By default CXF appears to set the "Content Type" header of an XML request to
"application/xml". We have also tested adding an @Consumes annotation to the method and setting it
to "text/xml" and everything works fine on the CXF side. This is not surprising as these are the
acceptable types for XML.
J
However, now the .NET team is saying that it must be "text/plain" instead
otherwise their server will reject the request and they don't seem to be able to or know
how to change this setup.
We tried using the @Consumes annotation and setting it to "text/plain" but not
surprisingly CXF complains that it does not have a provider registered for that type.
So, two questions:
1. If it is possible at all, what would be the easiest way to configure CXF to send XML
documents with a Content Type header of "text/plain"?

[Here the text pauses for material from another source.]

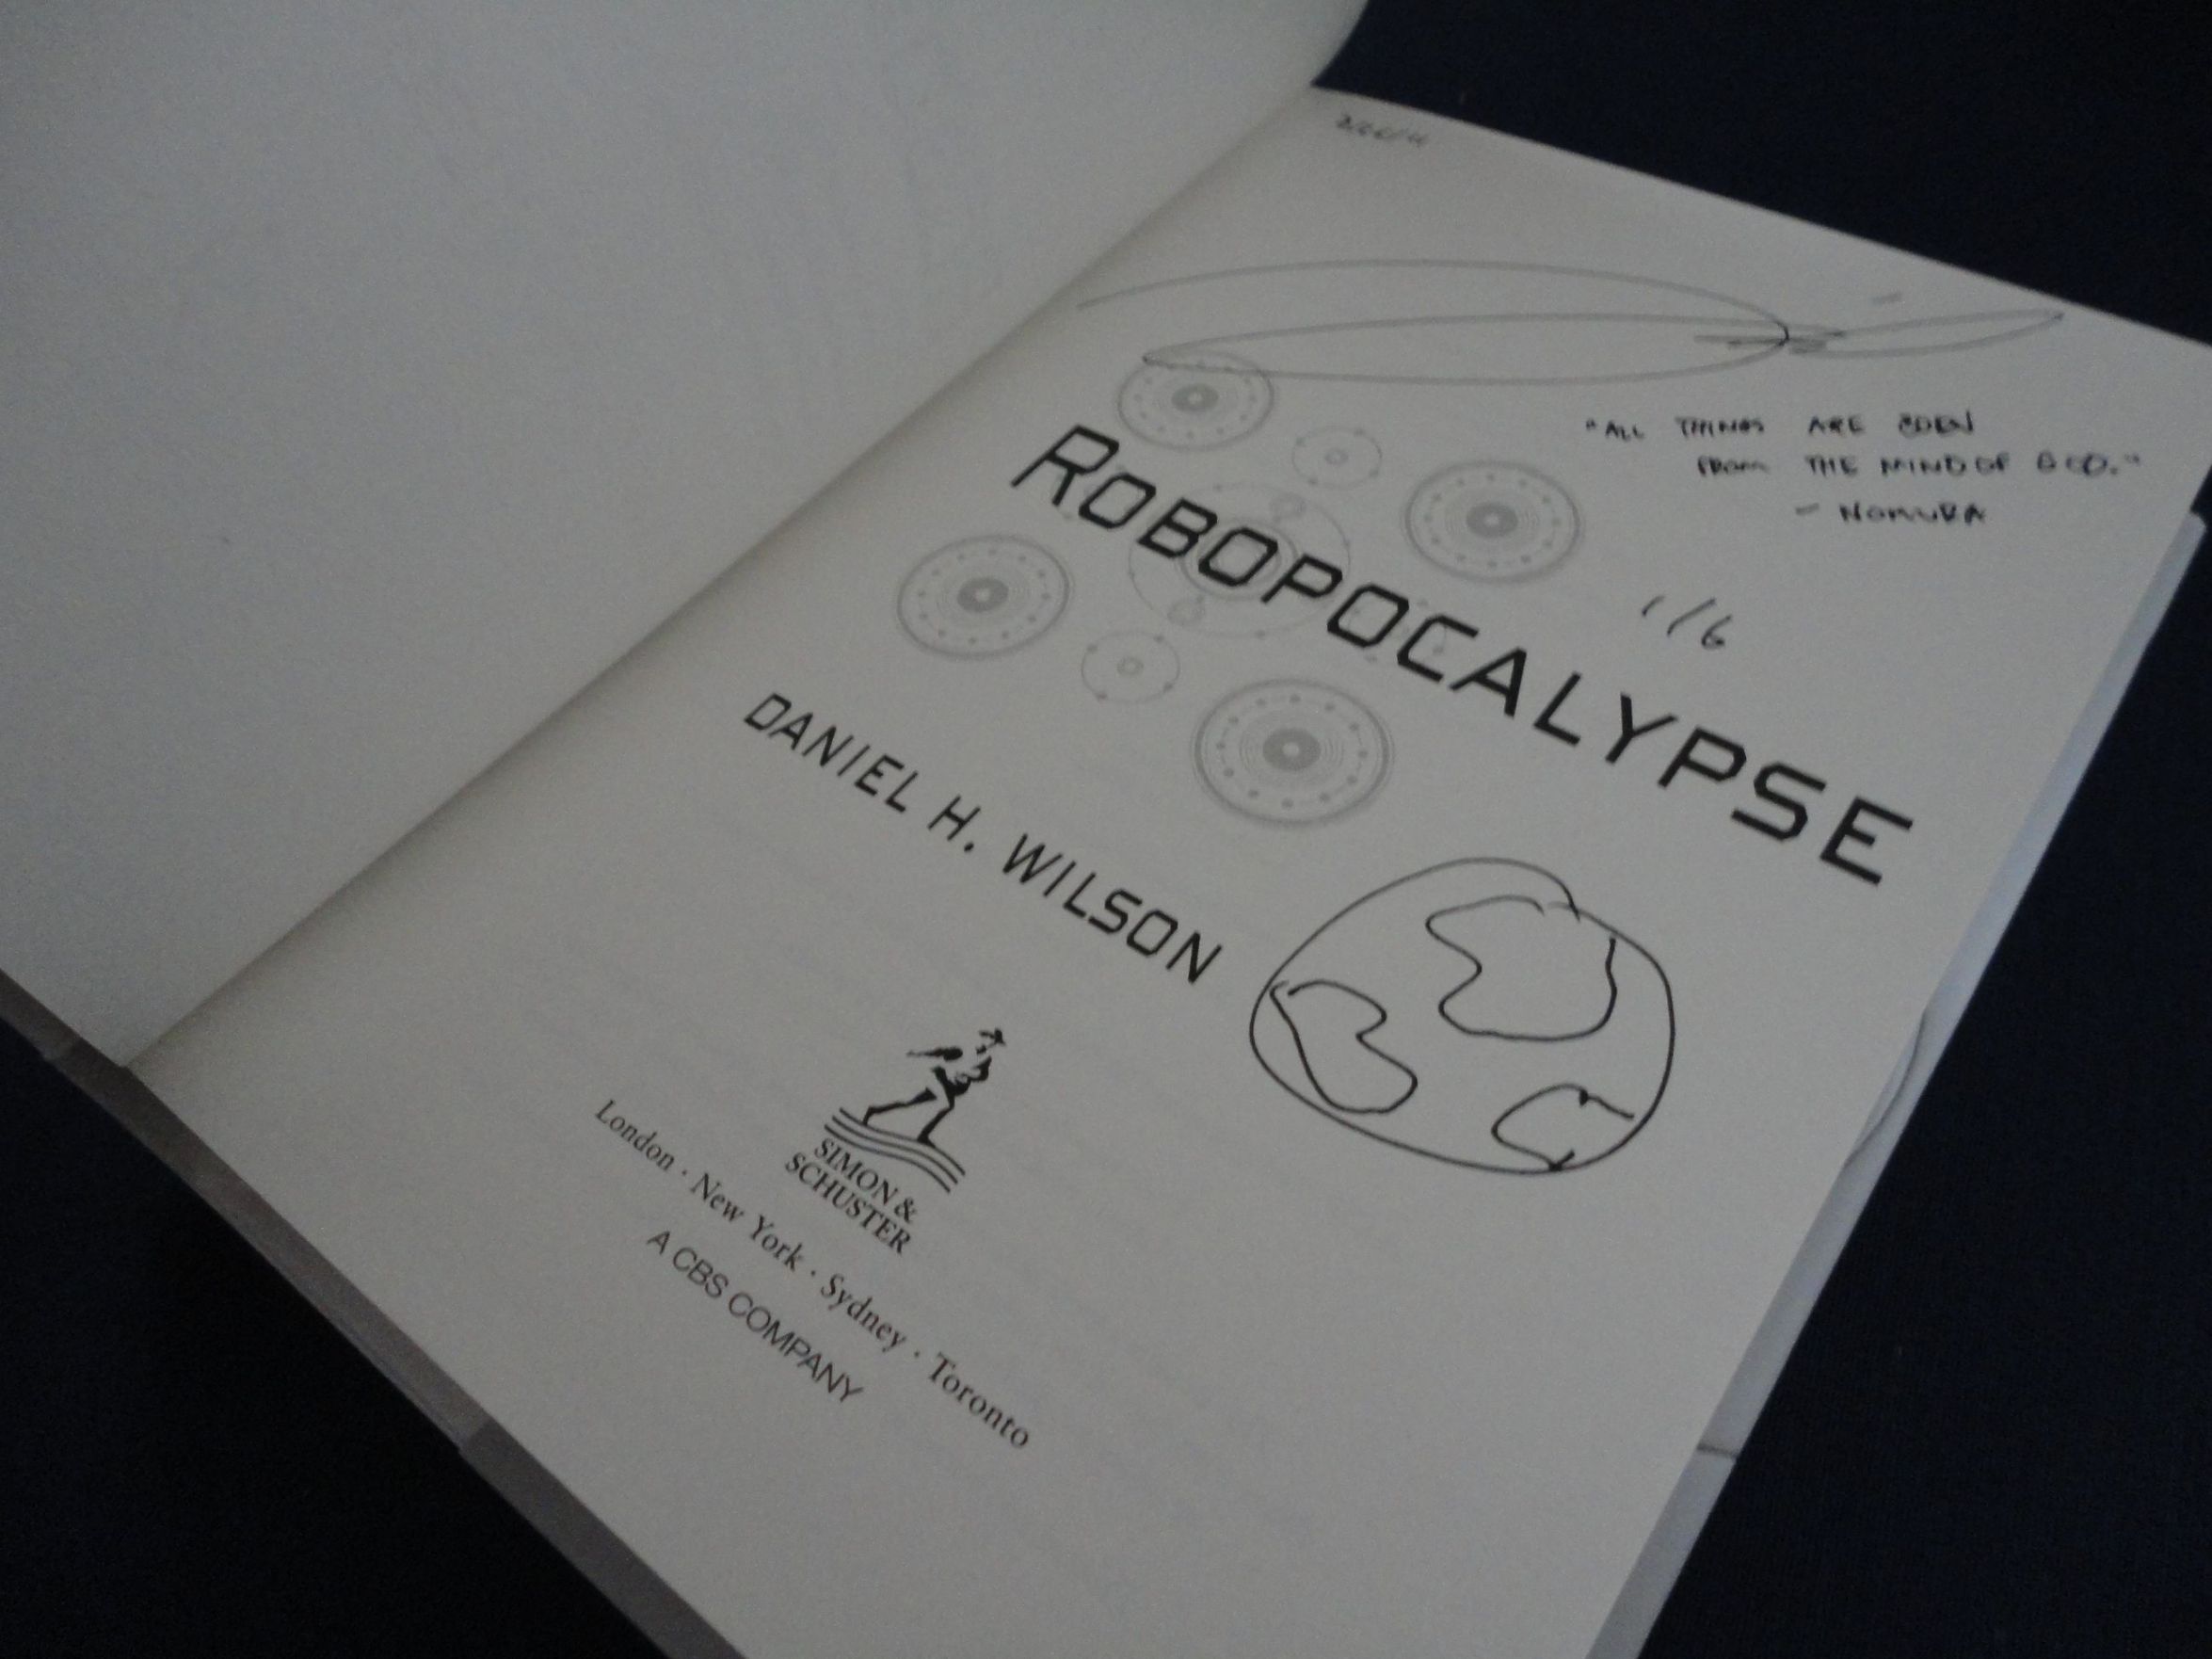 Amazing Robopocalypse Pictures & Backgrounds
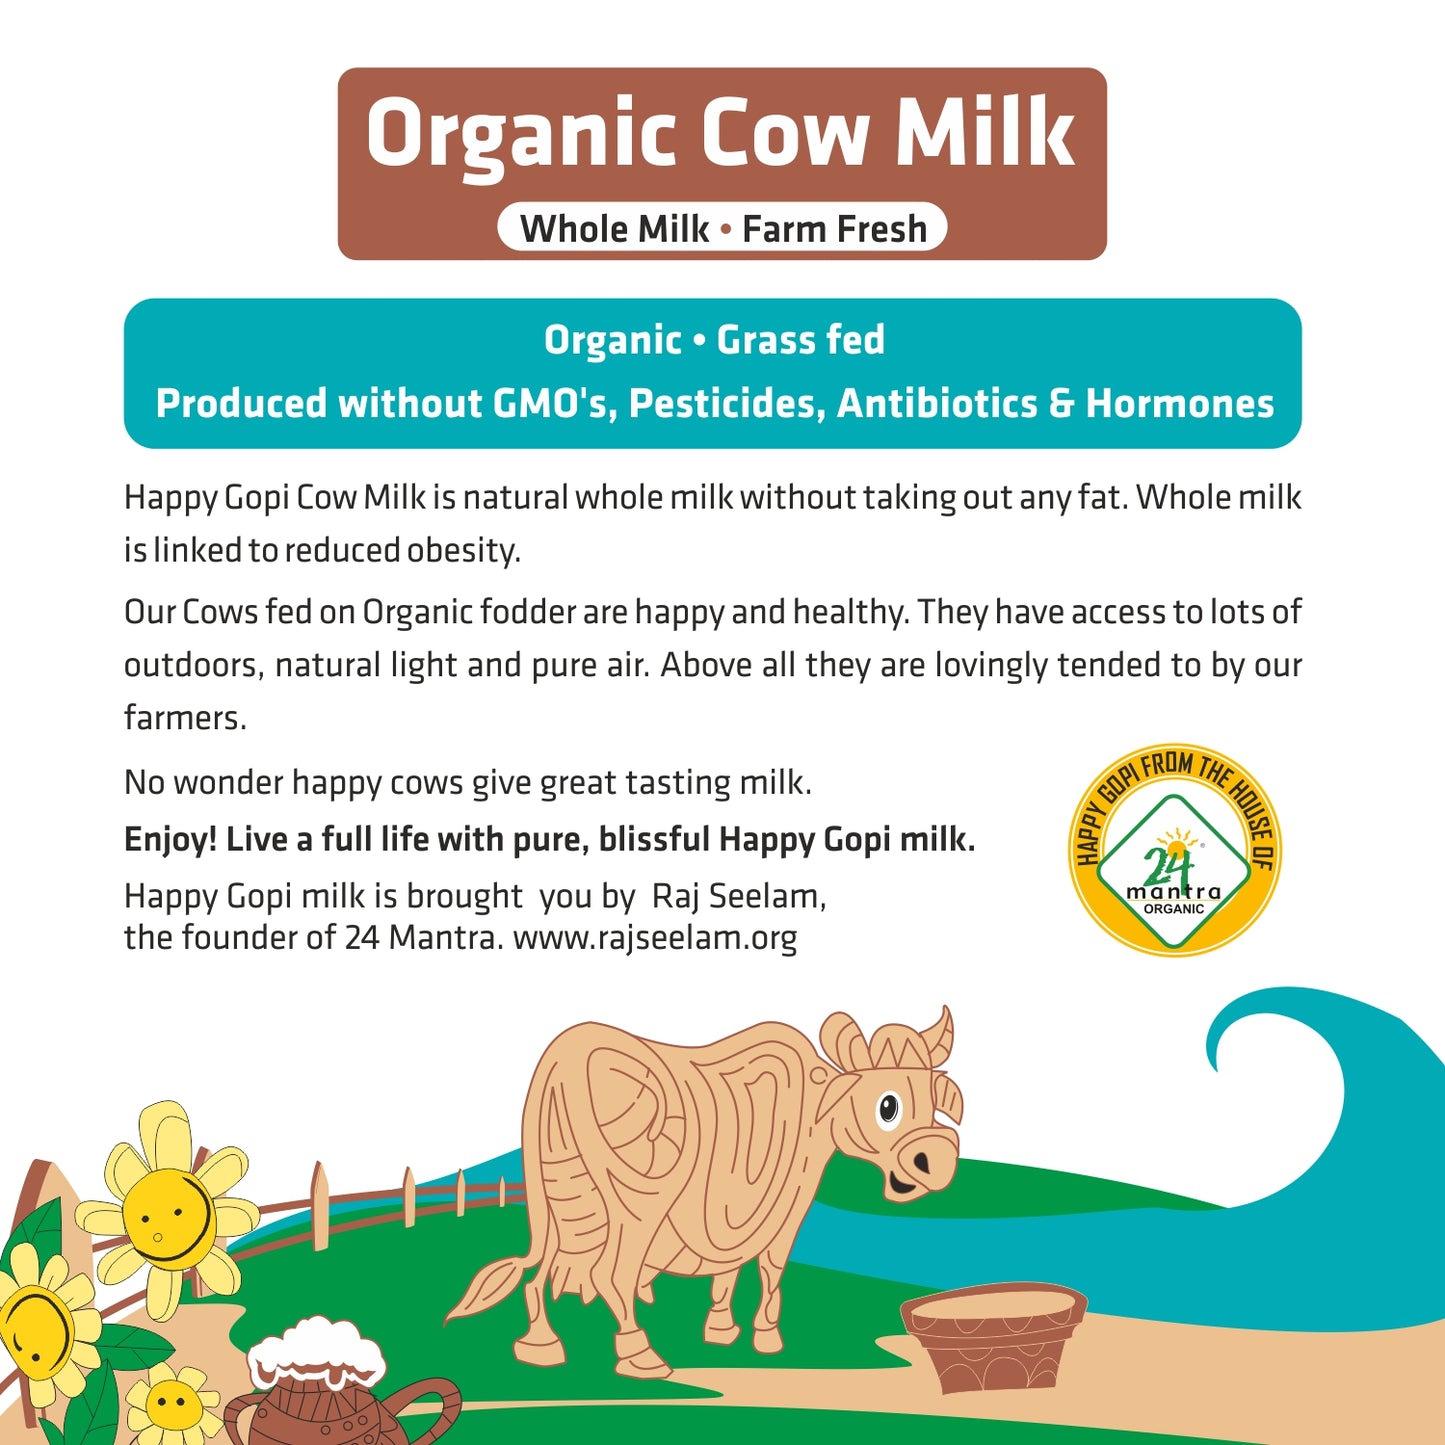 Organic cow milk

You can update JAXBElementProvider to support additional types using a
producesTypes property:
<util:list id="producesTypes">
<value>application/xml</value>
<value>text/xml</value>
<value>text/plain</value>
</util:list>
<bean id="jaxbProvider"
class="org.apache.cxf.jaxrs.provider.JAXBElementProvider">
<property name="produceMediaTypes" ref="producesTypes"/>
<!-- if needed: -->
<property name="consumeMediaTypes" ref="consumesTypes"/>
-->
</bean>
and register it with jaxrs:client or using JAXRSClientFactory (or
WebClient.create(...)).
That should do it, alternatively you can do something like this:
WebClient.getConfig(proxy).getHttpConduit().getClient().setContentType("text/plain")
which bypasses the jaxrs runtime.
2. What are the implications of sending XML over HTTP using plain/text as the Content
Type? Are there any subtle "gotchas", or is it no big deal?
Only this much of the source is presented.